● WHAT TO DO: Leave the pictures behind and reproduce every line of the listing exactly.

● SUPPLIED DATA:
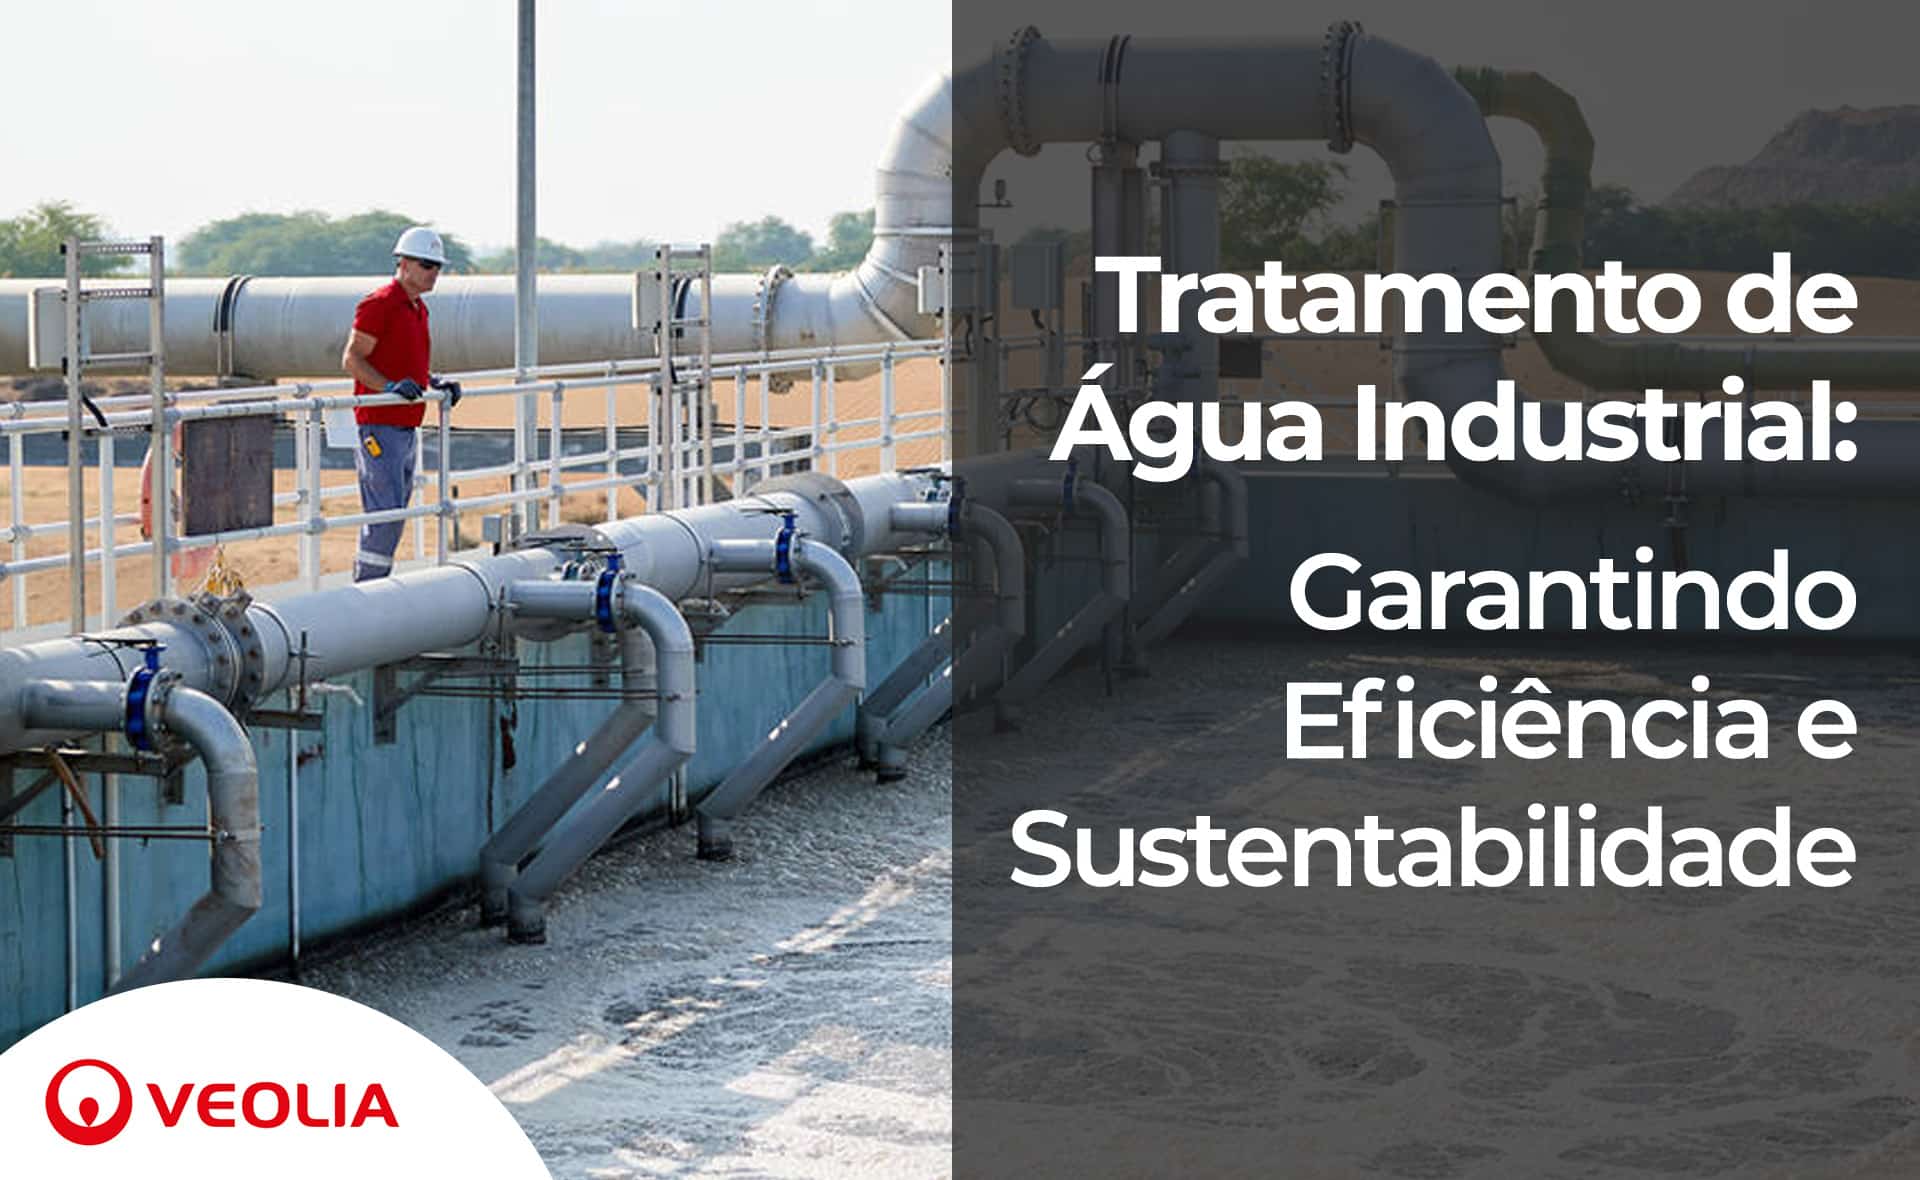 Tratamento de Água Industrial: Garantindo Eficiência e Sustentabilidade
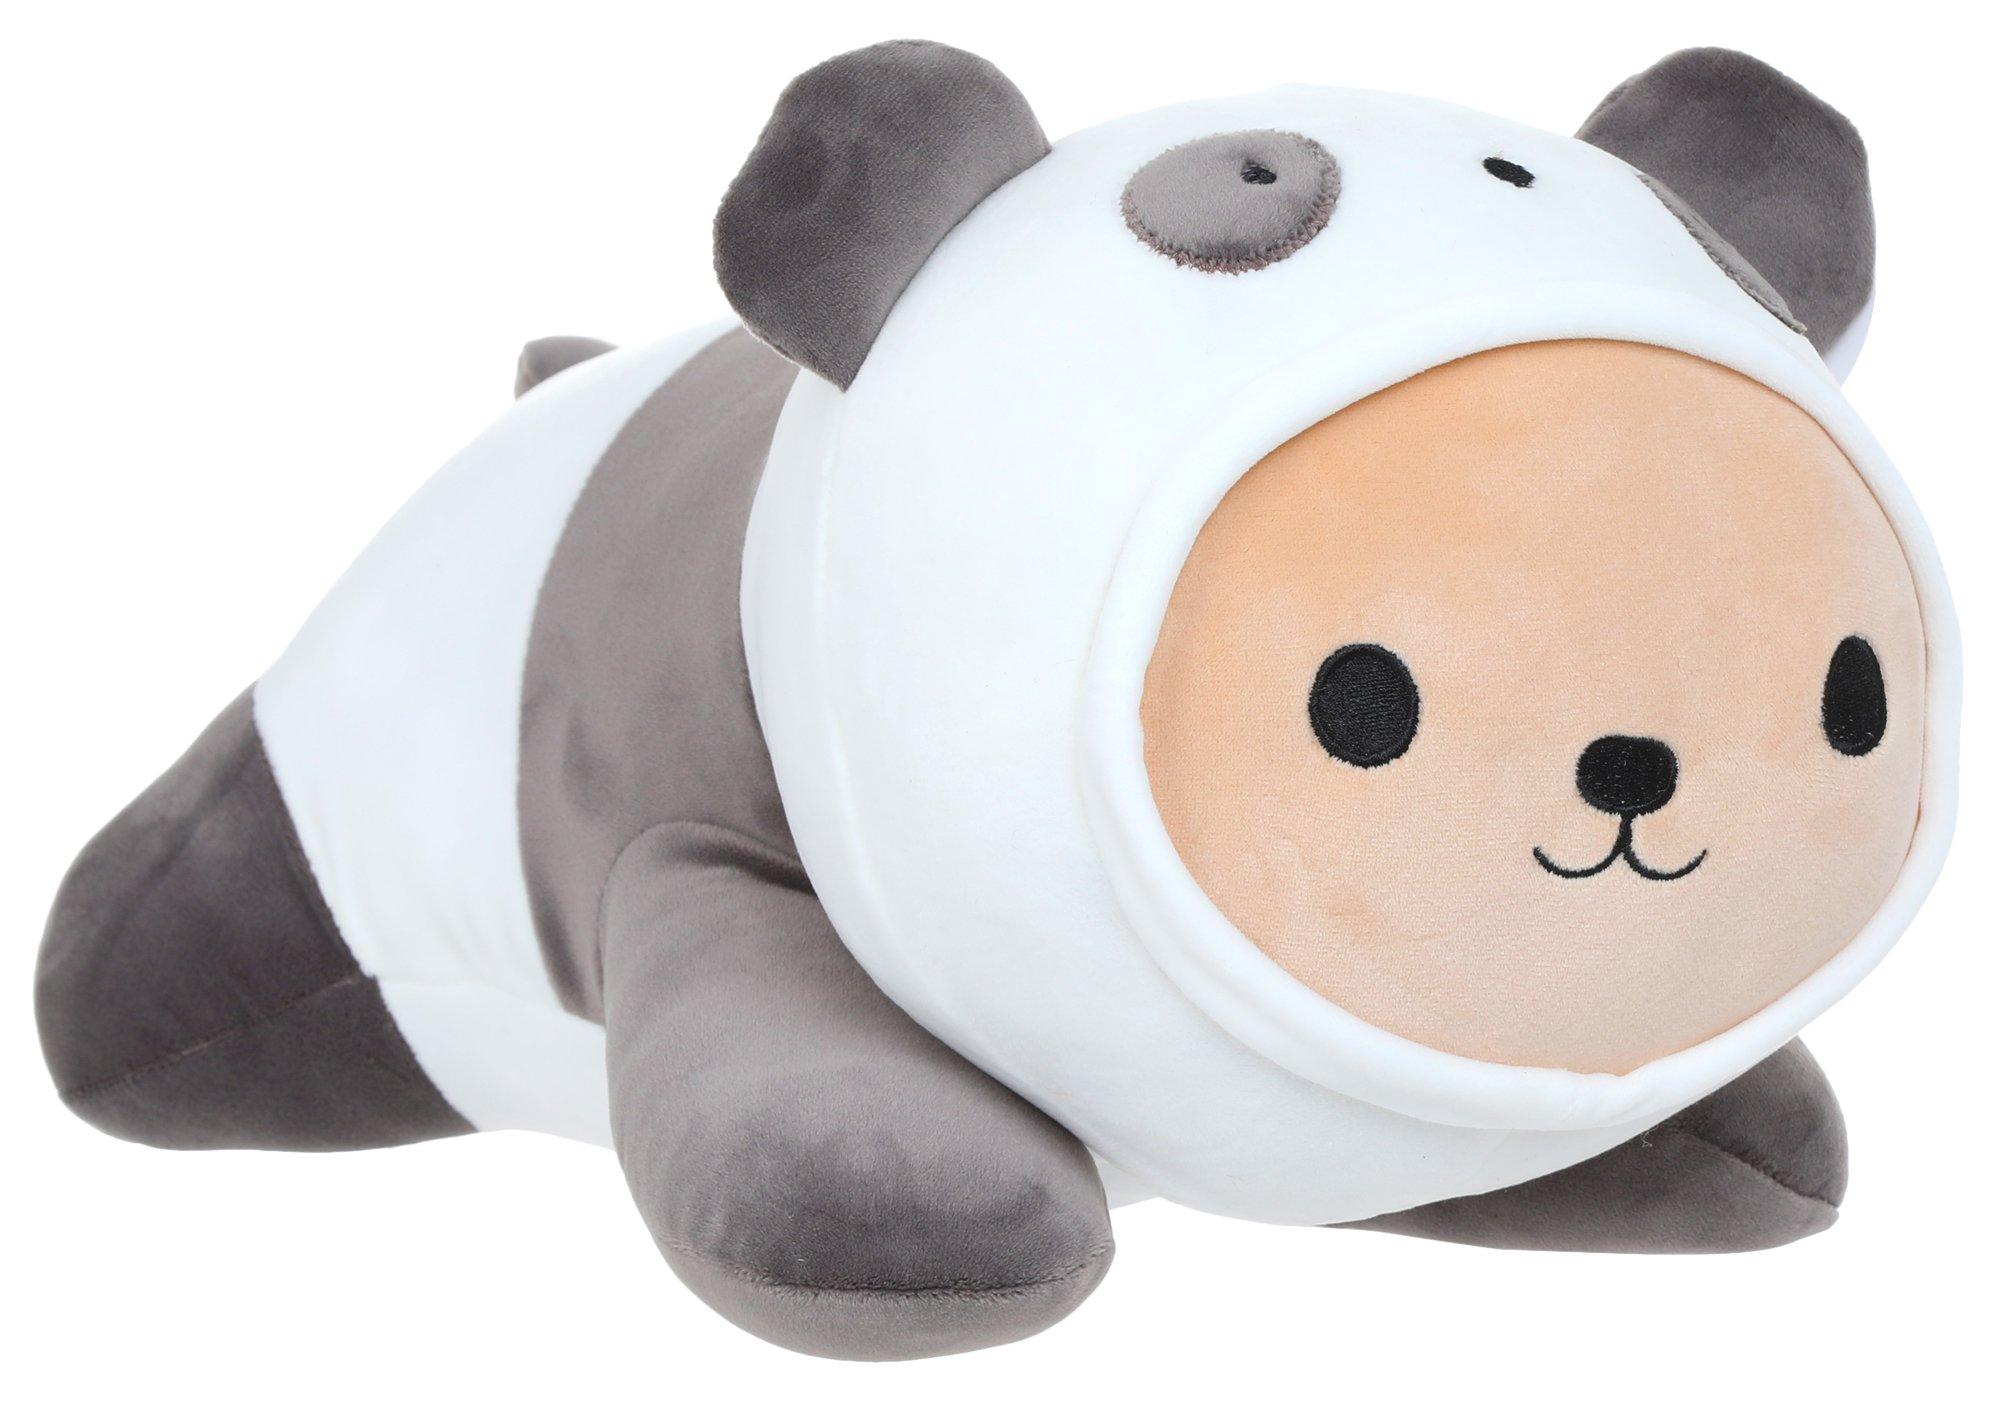 Kids Plush Panda Stuffed Animal
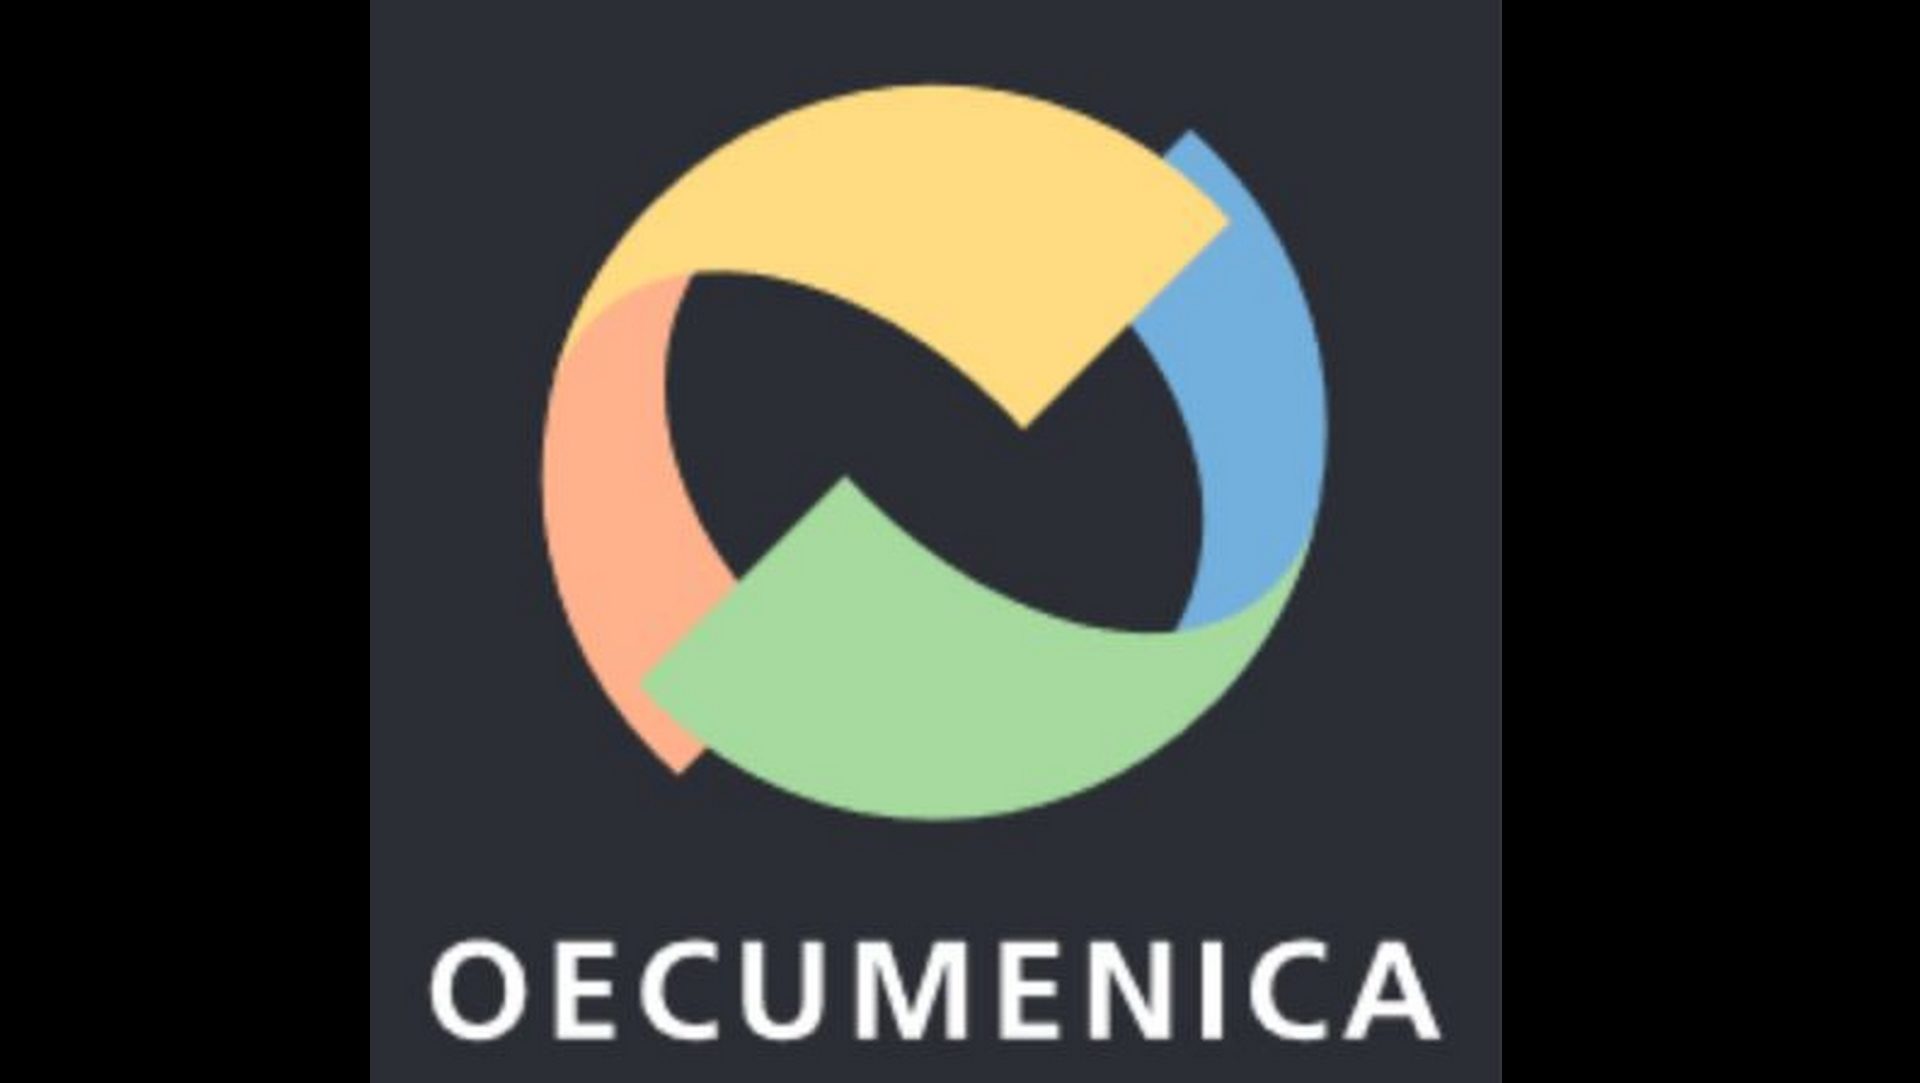 Le label Oecumenica décerné par la Communauté de travail des Eglises chrétiennes de Suisse (CTEC)

● ANSWER BOX:
 Tratamento de Água Industrial: Garantindo Eficiência e Sustentabilidade
 Kids Plush Panda Stuffed Animal
 Le label Oecumenica décerné par la Communauté de travail des Eglises chrétiennes de Suisse (CTEC)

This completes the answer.